Nice. I have used the 10x30 and the IS is a big deal.


----------



## Mt Spokane Photography (May 20, 2015)

*Re: Canon Unveils New Compact Binoculars Featuring Improved Image Stabilization And Reduced Power Co*

Canon is really throwing a lot of stuff at the wall lately, trying to find products that are a growing market??

That said, I'd like to have one of those.


----------



## neuroanatomist (May 20, 2015)

*Re: Canon Unveils New Compact Binoculars Featuring Improved Image Stabilization And Reduced Power Co*

I have the 10x30 IS (they were free, you know me – I'd have bought the 10x42L  ). They're quite nice optically, and the IS is really a big deal at 10x (like handholding a 500mm lens for FoV).


----------



## Canon Rumors Guy (May 20, 2015)

*Re: Canon Unveils New Compact Binoculars Featuring Improved Image Stabilization And Reduced Power Co*

I use Leica Ultravid 8x42. I've wanted more powerful binoculars for around the house, and I think I'll wait for the 12-36 IS III's!


----------



## AlanF (May 21, 2015)

*Re: Canon Unveils New Compact Binoculars Featuring Improved Image Stabilization And Reduced Power Co*



neuroanatomist said:


> I have the 10x30 IS (they were free, you know me – I'd have bought the 10x42L  ). They're quite nice optically, and the IS is really a big deal at 10x (like handholding a 500mm lens for FoV).



Don't cry over not having the L series - the 10x30 IS are not weather sealed and your tears might fog them.


----------



## nc0b (May 21, 2015)

*Re: Canon Unveils New Compact Binoculars Featuring Improved Image Stabilization And Reduced Power Co*

The 10x42 L IS WP version is so much better optically than the 10X30 IS or the 15x50 IS as to be an all or nothing choice as far ad I am concerned. Better battery life would be nice, but it all comes down to the image. The non-L versions looked OK at the point of focus, but other things in the field of view that are somewhat out of focus have distracting yellow fringes around them. At 10X IS is a must for any extended viewing. With the 10x42 L you don't have to hold the IS button down, as it locks on or off. The IS turns itself OFF when the binocular is hanging from the strap around your neck. The 10x42 L IS price is certainly expensive, but when my wife started using them she was blown away. She said whatever I paid for them was worth it.


----------



## Mt Spokane Photography (May 21, 2015)

*Re: Canon Unveils New Compact Binoculars Featuring Improved Image Stabilization And Reduced Power Co*

You can get Refurbished 10 X 42 L. I wonder if they discount them when Canon has one of their occasional sales.

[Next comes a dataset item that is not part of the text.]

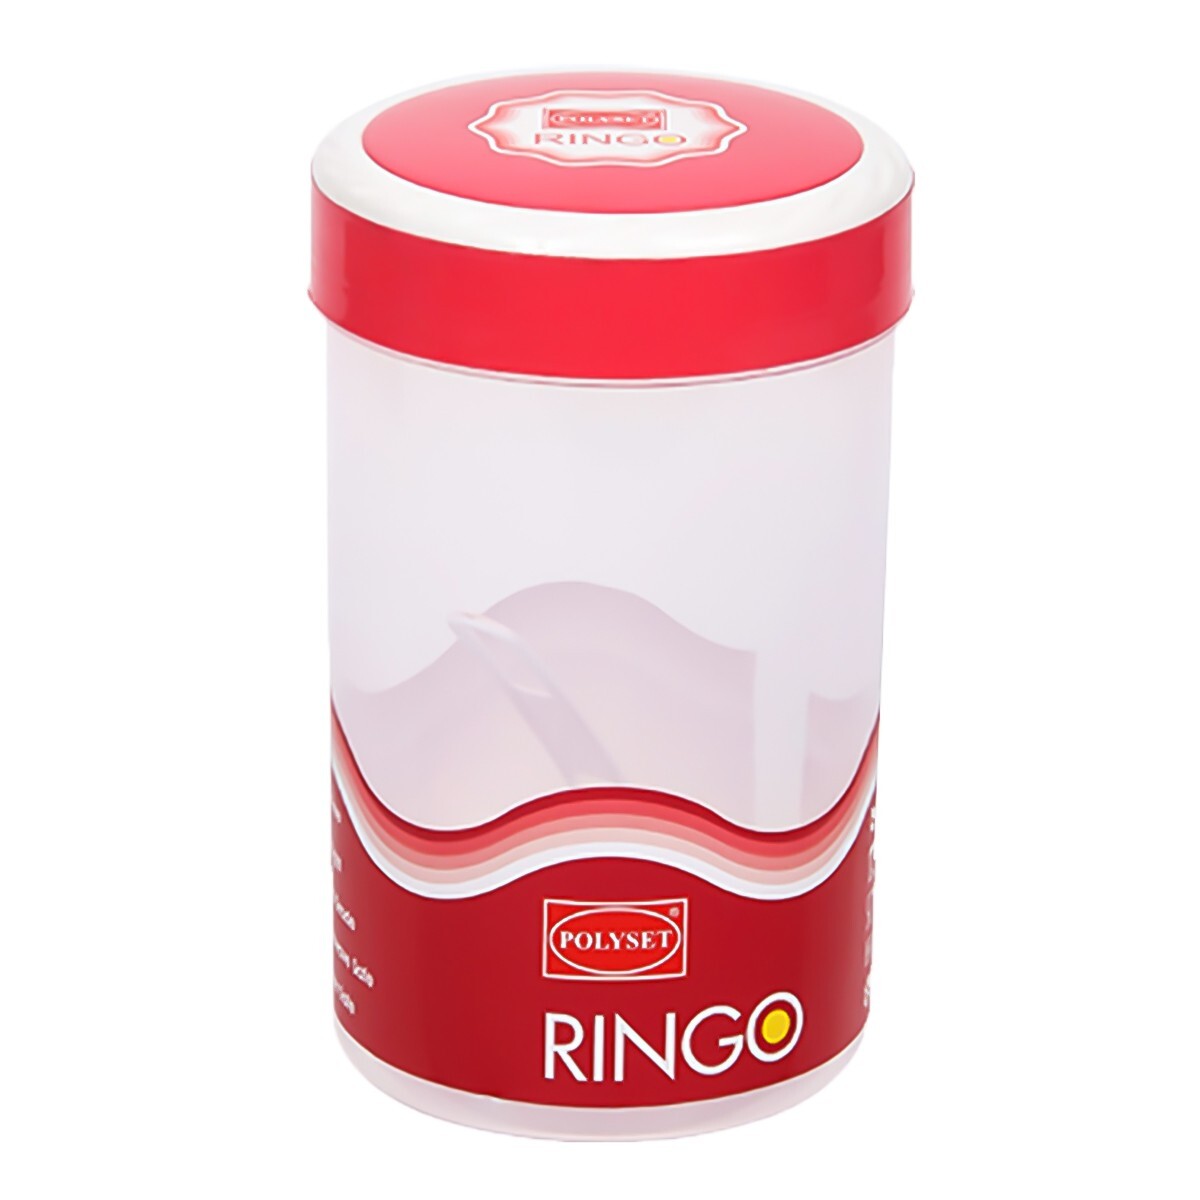 Polyset Ringo Container 1475 3Pc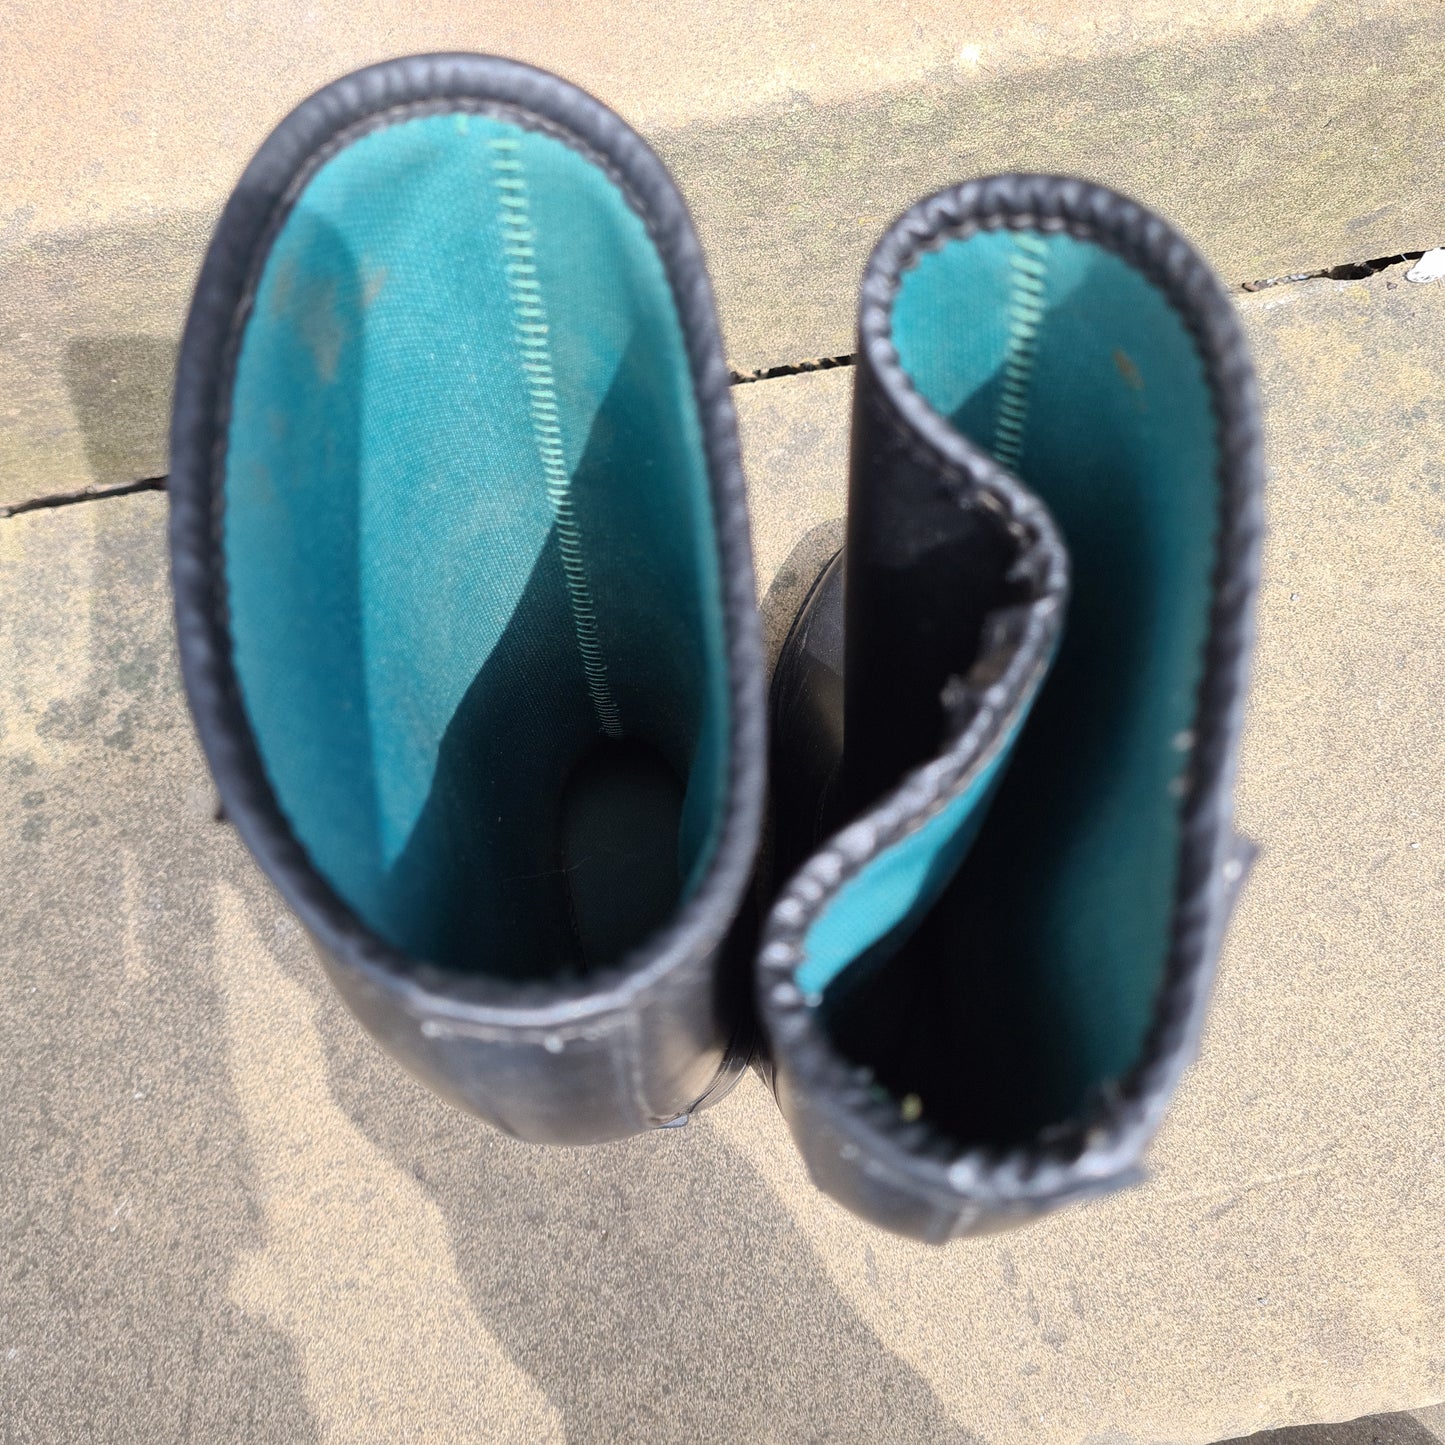 Black rubber Toggi long Jodhpur Boots FREE POSTAGE ❤️

http://shop.usa.canon.com/shop/en/catalog/10-x-42-l-is-wp-refurbished


----------



## neuroanatomist (May 21, 2015)

*Re: Canon Unveils New Compact Binoculars Featuring Improved Image Stabilization And Reduced Power Co*



Mt Spokane Photography said:


> You can get Refurbished 10 X 42 L.



You could, but why? The refurb from Canon is $1600, brand new is $1350 from B&H and $1270 on Amazon (3rd party but Amazon-fulfilled).


----------



## Mt Spokane Photography (May 22, 2015)

*Re: Canon Unveils New Compact Binoculars Featuring Improved Image Stabilization And Reduced Power Co*



neuroanatomist said:


> Mt Spokane Photography said:
> 
> 
> > You can get Refurbished 10 X 42 L.
> ...



Why Indeed. If I had been serious about getting one, I'd have checked.


----------